Advanced Computing in the Age of AI | Tuesday, April 16, 2024

MLOps Initiatives Seek to Boost Stalled Deployments 

The deployment of machine learning models in production is failing to keep pace with the everyday operations of hyper-scalers. Those scaling and deployment gaps are being addressed through collaborations and a new batch of DevOps tools tuned to scaling machine learning deployments.

The latest initiative aimed at expanding the MLOps ecosystem comes via a series of technology partnerships and native integration with tools such as TensorFlow along with expanded cloud infrastructure support. Dotscience, a machine learning operations specialist, announced partnerships with GitLab and Grafana Labs along with platform integrations to TensorFlow, and Scikit-learn.

The London-based MLOps vendor also announced expanded multi-cloud support with Amazon Web Services (NASDAQ: AMZN) and Microsoft Azure (NASDAQ: MSFT).

Collectively, the goal is “setting the bar for MLOps best practices for building production ML pipelines today,” said Luke Marsden, CEO and founder at Dotscience.

The partners also hope to tap into a projected $3.9 trillion market for AI-based opportunities over the next two years. Vendors such as Dotscience and Algorithmia are rolling out new tools aimed at enterprises currently struggling to deploy machine learning models in production. Among the initiatives announced by Dotscience on Wednesday (Dec. 18) is an effort to develop an industry benchmark for enterprise AI deployments.
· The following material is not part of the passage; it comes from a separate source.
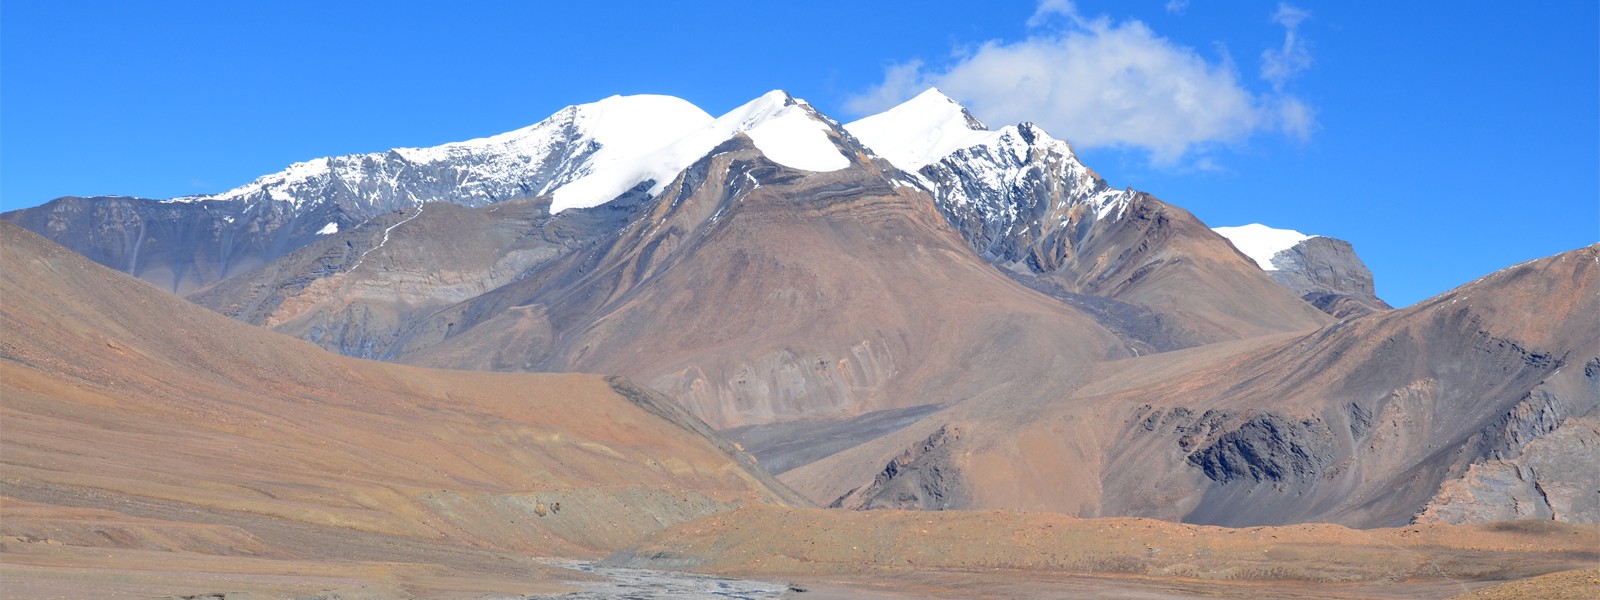 Mt. Sita Chuchura Climbing

To that end, platform monitoring specialist Grafana Labs and Dotscience are joining forces to improve visibility into machine learning workloads in production. The partnership would allow statistical monitoring of model behavior, including workloads using unlabeled data.

The partners also said their monitoring framework would help simplify model deployments via the Kubernetes cluster orchestrator.

“By bringing DevOps practices to ML, data science and ML teams can eliminate silos,” said Tom Wilkie, Grafana Labs’ vice president for products.

Separately, Dotscience announced a native integration with GitLab, the open source software repository. The collaboration would allow ML developers to use the Dotscience platform for machine learning data and model management. More than 100,000 developers currently use GitLab as a DevOps platform.

“We are enabling data scientists to deploy on their preferred ML framework.” Dotscience CEO Marsden said.

Those MLOps enhancement will be augmented with expanded cloud support via the AWS Marketplace and Microsoft Azure. The Dotscience platform is available either as a software service or on-premises.

The MLOps specialist also this week said financial API provider TrueLayer will use the Dotscience platform to improve reproducibility, model and data versioning along with provenance tracking. The partnership comes in response to growing demand for improved productivity, collaboration, governance and compliance as AI initiatives ramp up, the partners said.


About the author: George Leopold

George Leopold has written about science and technology for more than 30 years, focusing on electronics and aerospace technology. He previously served as executive editor of Electronic Engineering Times. Leopold is the author of "Calculated Risk: The Supersonic Life and Times of Gus Grissom" (Purdue University Press, 2016).